With 95% confidence intervals (these assume that shots are independent, maybe not correct but should be conservative)

0-6 42.5 (36.3,48.8)
6-21 23.2 (15.1,32.9)
21-45 40.0 (24.9,56.7)
45-75 14.3 (0.4,57.9)
75+ 6.7 (0.8,22.1)

The increase from 6-21 to 21-45 may just be statistical variation. I expect though that at shorter distances there is a need to fire rapidly which reduces accuracy. At 21-45 there is time to aim and stabilise so accuracy improves.
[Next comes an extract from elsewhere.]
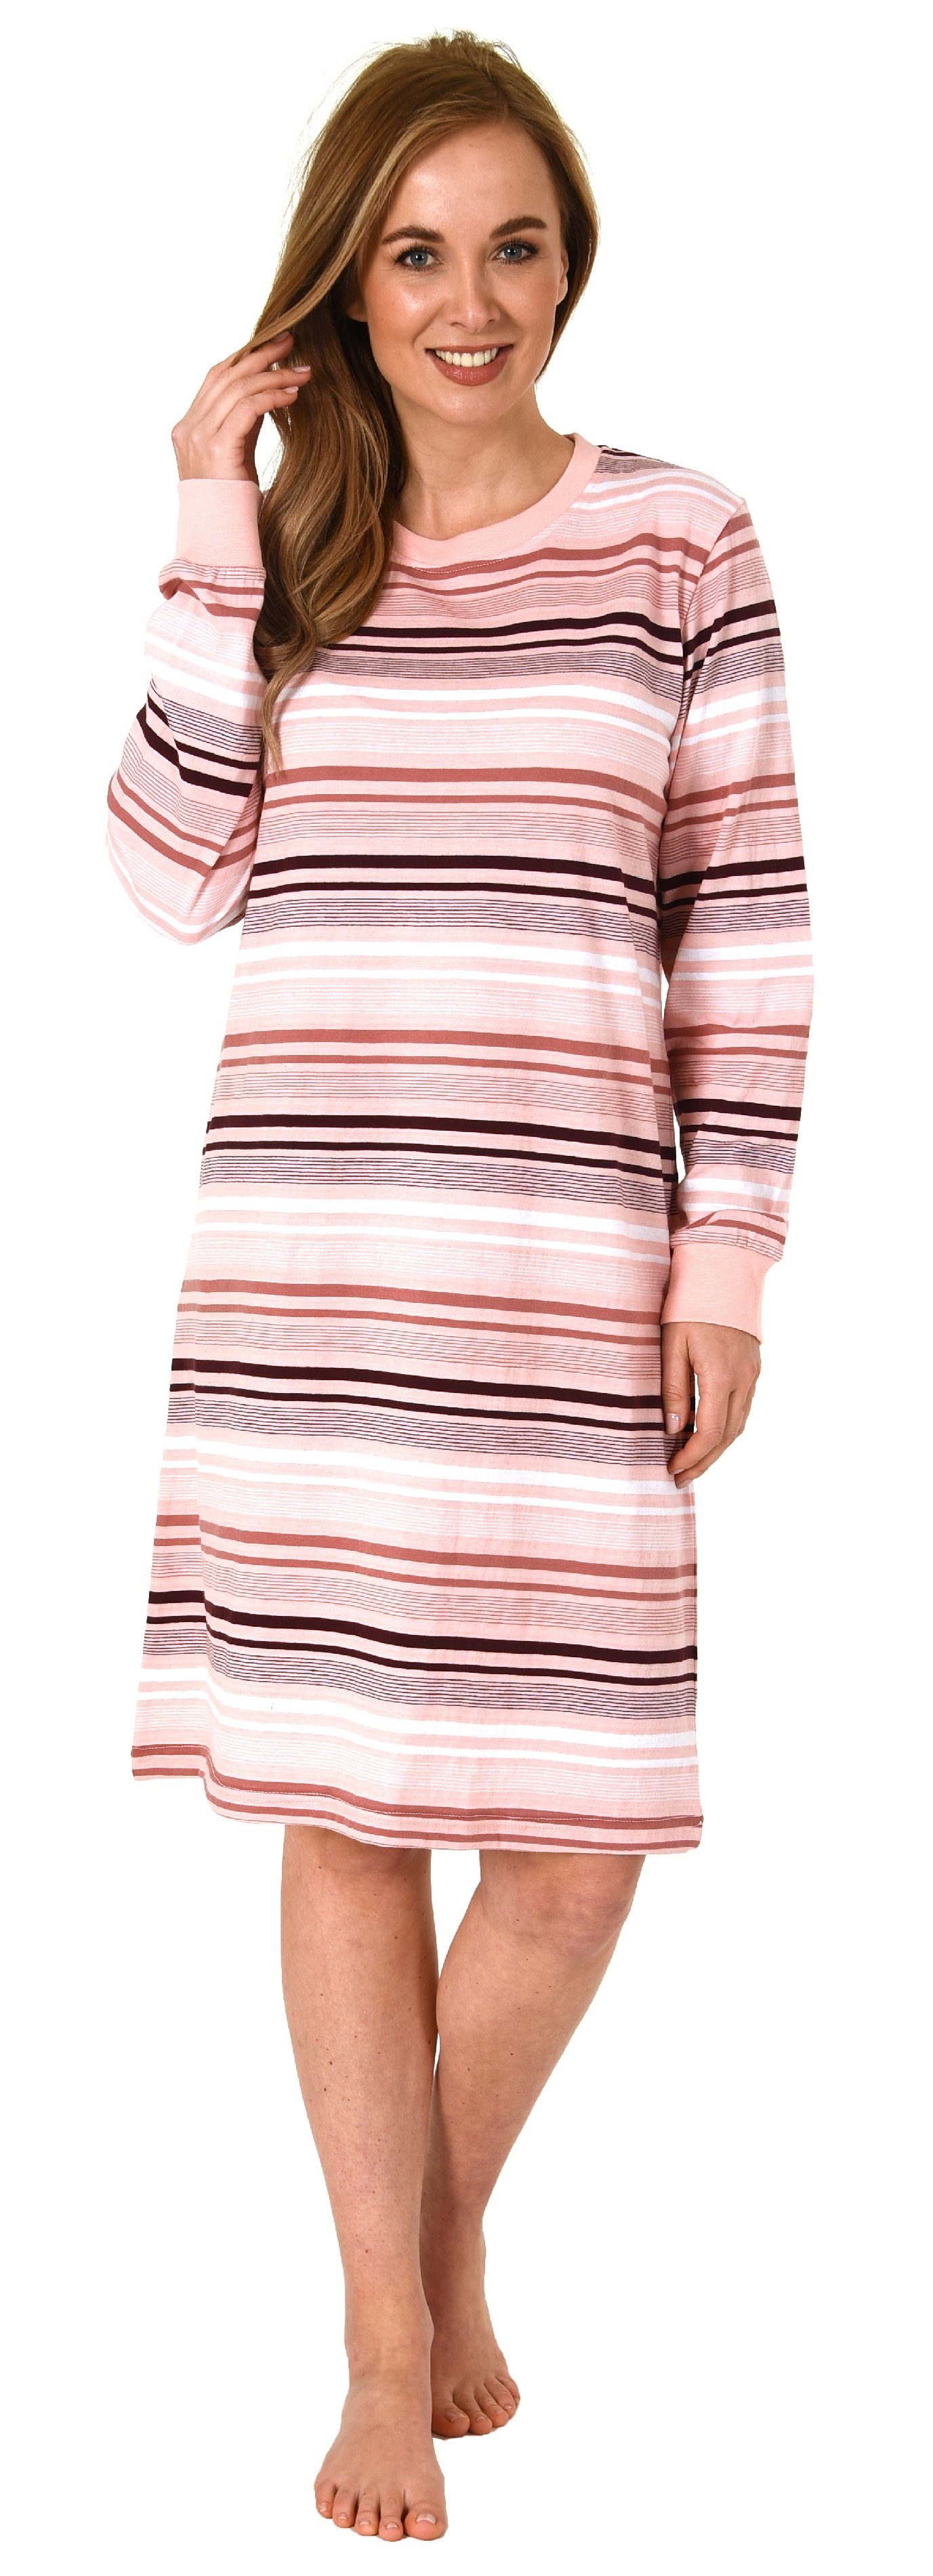 Normann Nachthemd Damen Nachthemd langarm mit Bündchen gestreift rosa auch Übergrößen - in
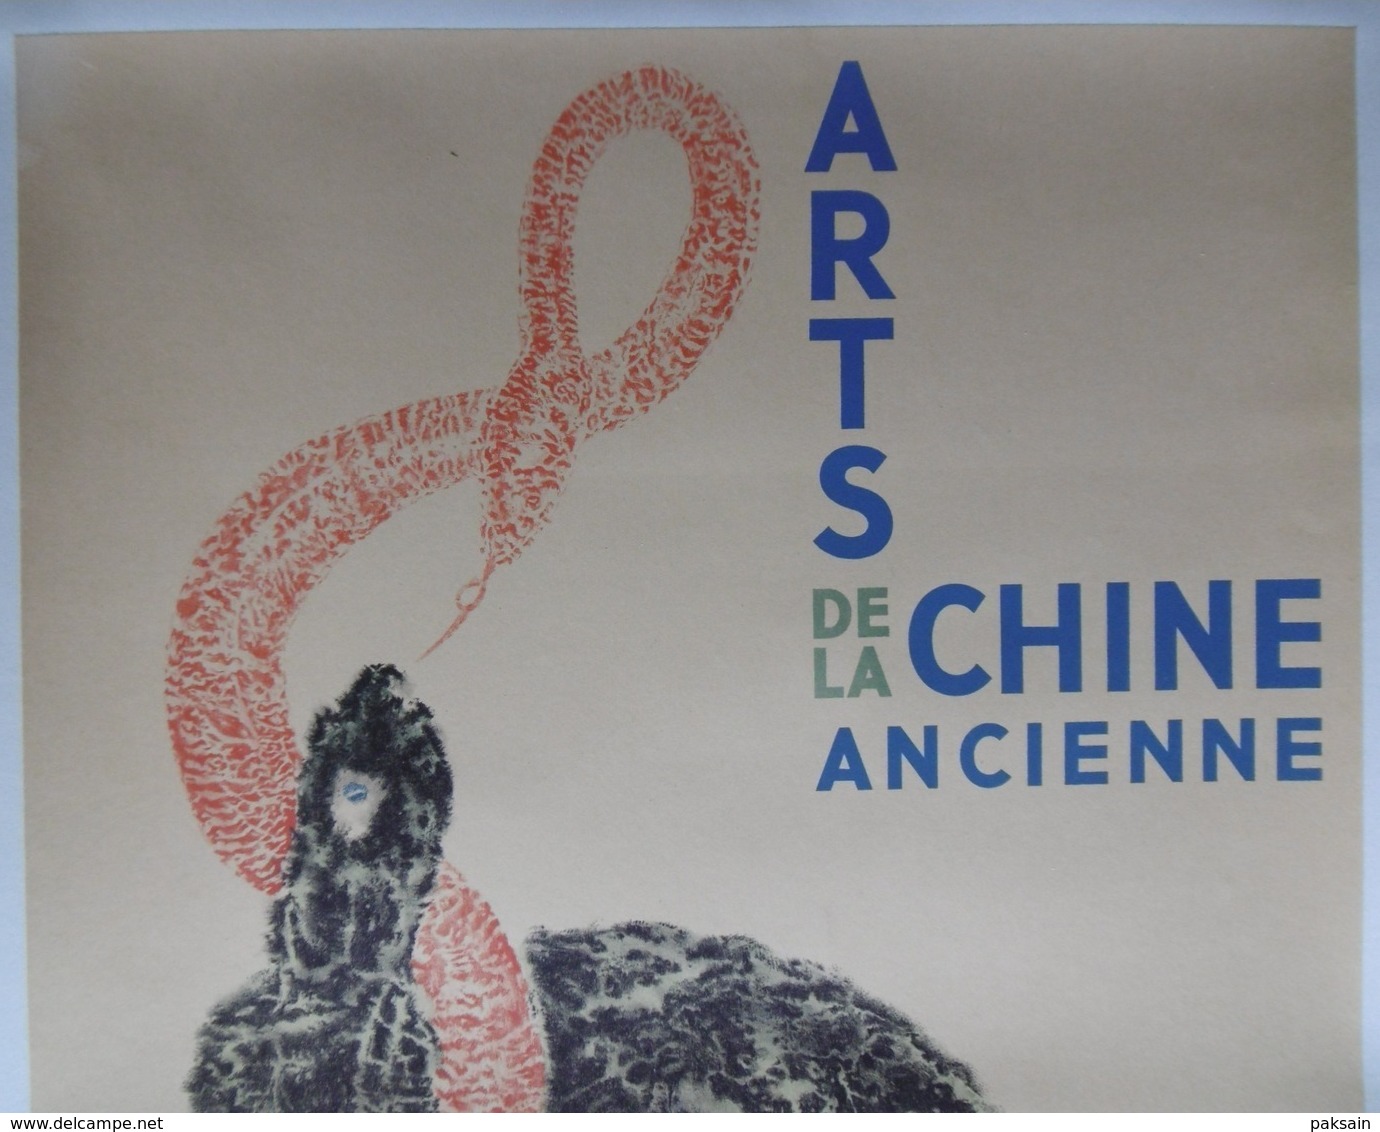 Arts De La Chine Ancienne Affiche Originale 1937 Paris A L'Orangerie Des Tuileries China Chinese Poster - Posters

I don't think you can trust any analysis of this data because its nature makes it wildly inaccurate. Just like shooting someone in such a situation involves a lot of stress and lack of precision, I doubt that even a rough estimate of the distance from which the shot was fired can be made with any accuracy. Police reports are written hours after the incident, when many other details were much more important than the exact distance from which each shot was fired. Besides, estimating distance is not something we are particularly good at, even under good conditions. Also, the rather large number of shots where the distance is completely unknown needs to be factored into this.

So based on that, I don't think anything other than the overall hit rate from all the shots fired makes much sense to analyze. The chart makes the data look more interesting, but I wonder if it would have made more sense to compare to some other data rather than go into detail based on such bad data - perhaps the number of arrests, or the number of shots fired over the year (are there more incidents around the holidays, etc.).

"Gelman and Nolan didn't just find any best fitting line through the data. They started out with a trigonometric model..."

Excellent. A physically-based model is by nature simpler and more accurate than any sixth order polynomial fit. You can tell the statistics newbies by their reliance on such awkward fits.